I believe Kyle Lewis will not only return from injury in 2022, but will also be a major part of the Mariners’ success.
If there’s one thing we know for certain about Kyle Lewis, it’s that he isn’t a quitter. Multiple significant injuries and surgeries have been enough to end several players’ careers, but Lewis isn’t anywhere close to stepping away from the game; he recently posted a video of himself to Instagram taking full-speed swings in the batting cage and has been taking live batting practice from recovering pitcher Chris Archer this offseason.
Lewis is a tremendous athlete, and fortunately, the repeat injury on his knee is his meniscus, not his ACL. With this in mind, after a first ACL tear, an athlete becomes 6x more likely to tear the same ACL again. So, it will be important for the Mariners to maximize Lewis’s production while limiting his exposure to potential injury.

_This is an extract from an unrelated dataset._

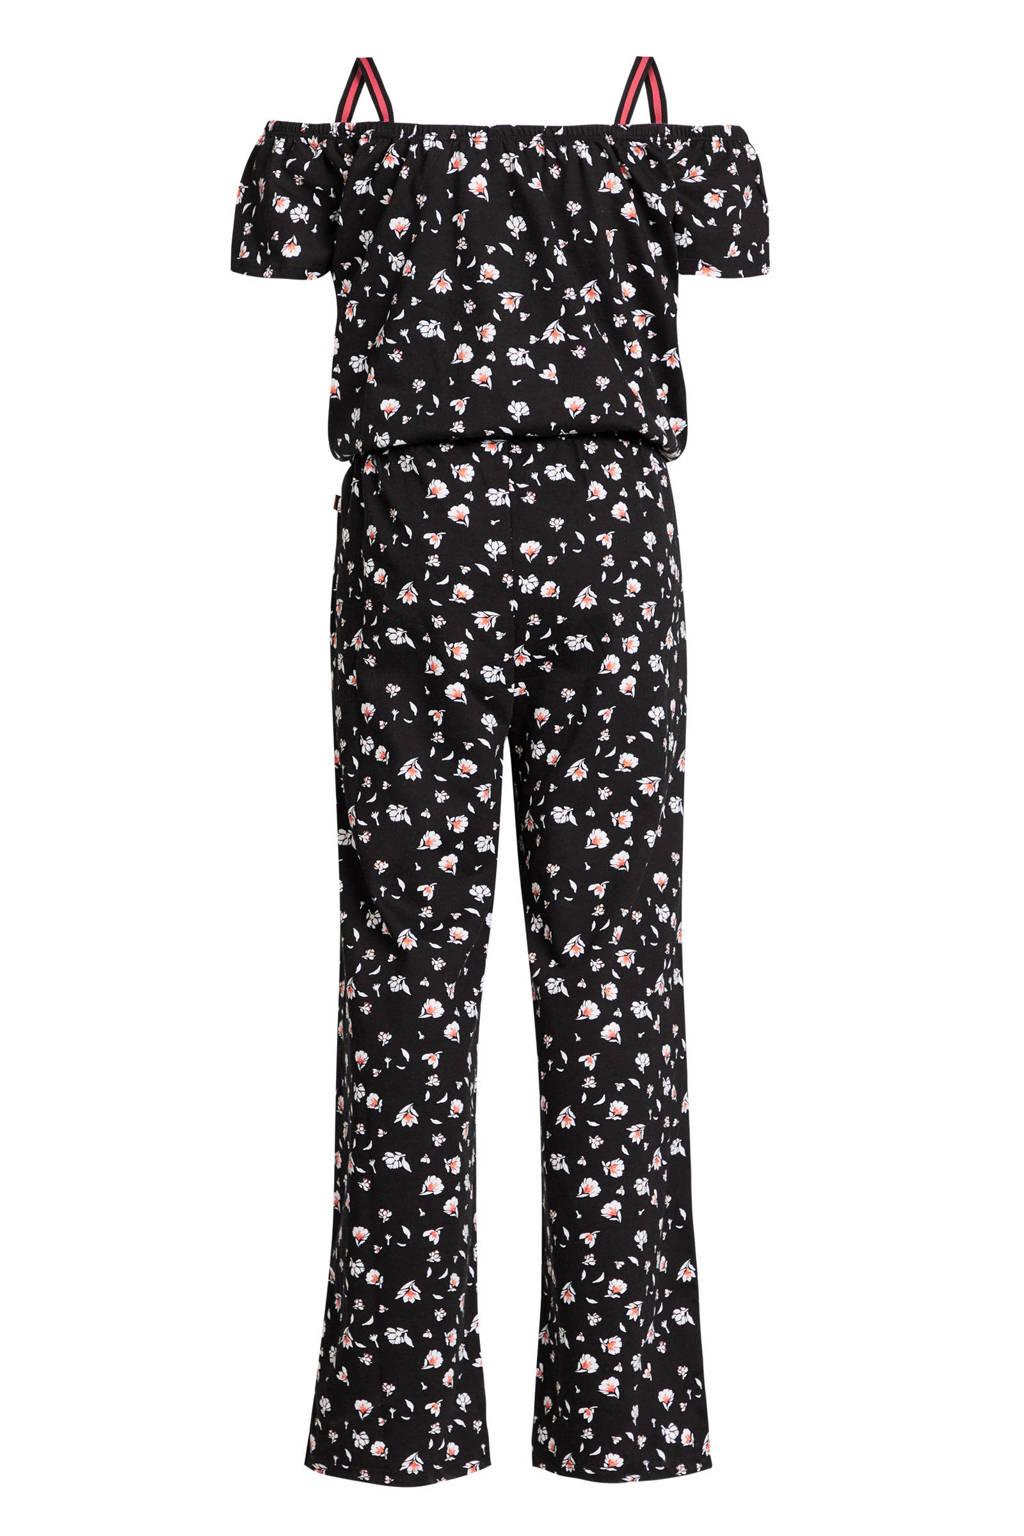 WE Fashion gebloemde off shoulder jumpsuit zwart/roze/wit, Zwart/roze/wit
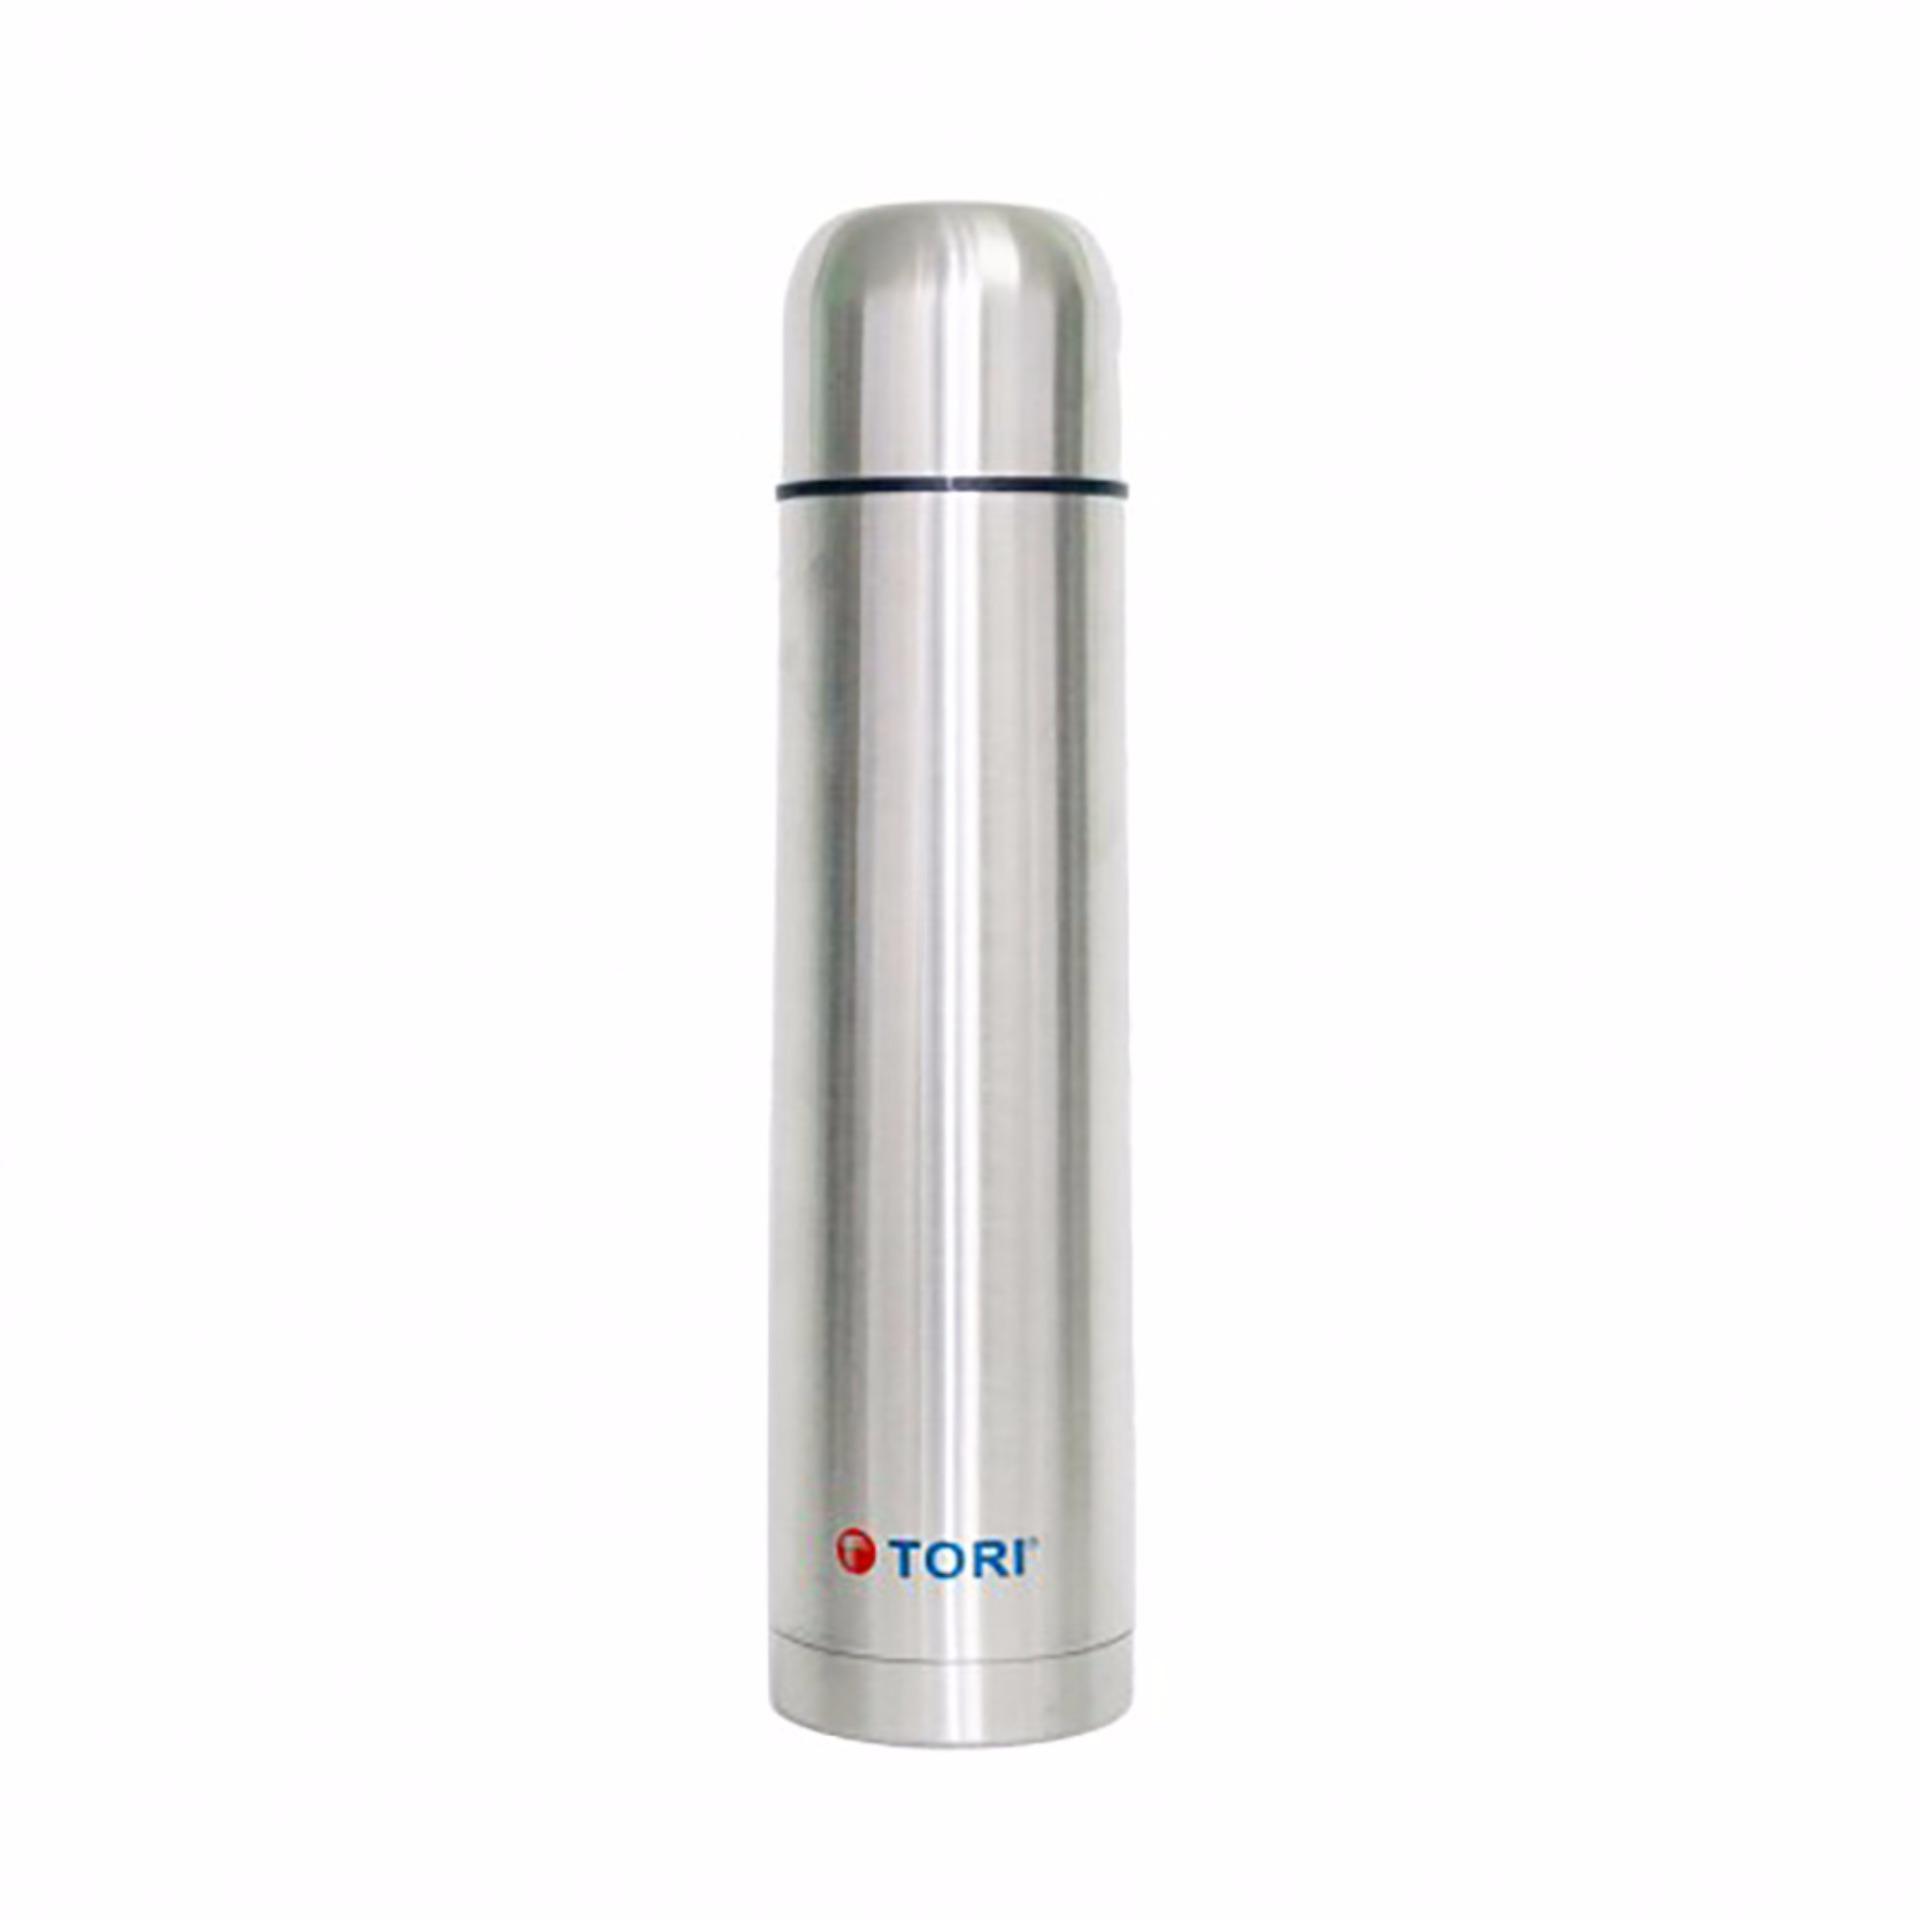 Harga Tori Vacuum Flask Tvf 1000 Online

I don’t believe Seattle should let Kyle Lewis play another single inning in center field; Lewis plays with tenacity, and forcing him to play a position at anything less than 100% would be a disservice to him and the team. If the Mariners are diligent and limit him to consistent starts as a DH, and maybe a few starts in right field to spell Mitch Haniger, there’s nothing stopping him from re-establishing his presence as a force in the middle of the Mariners’ lineup next season.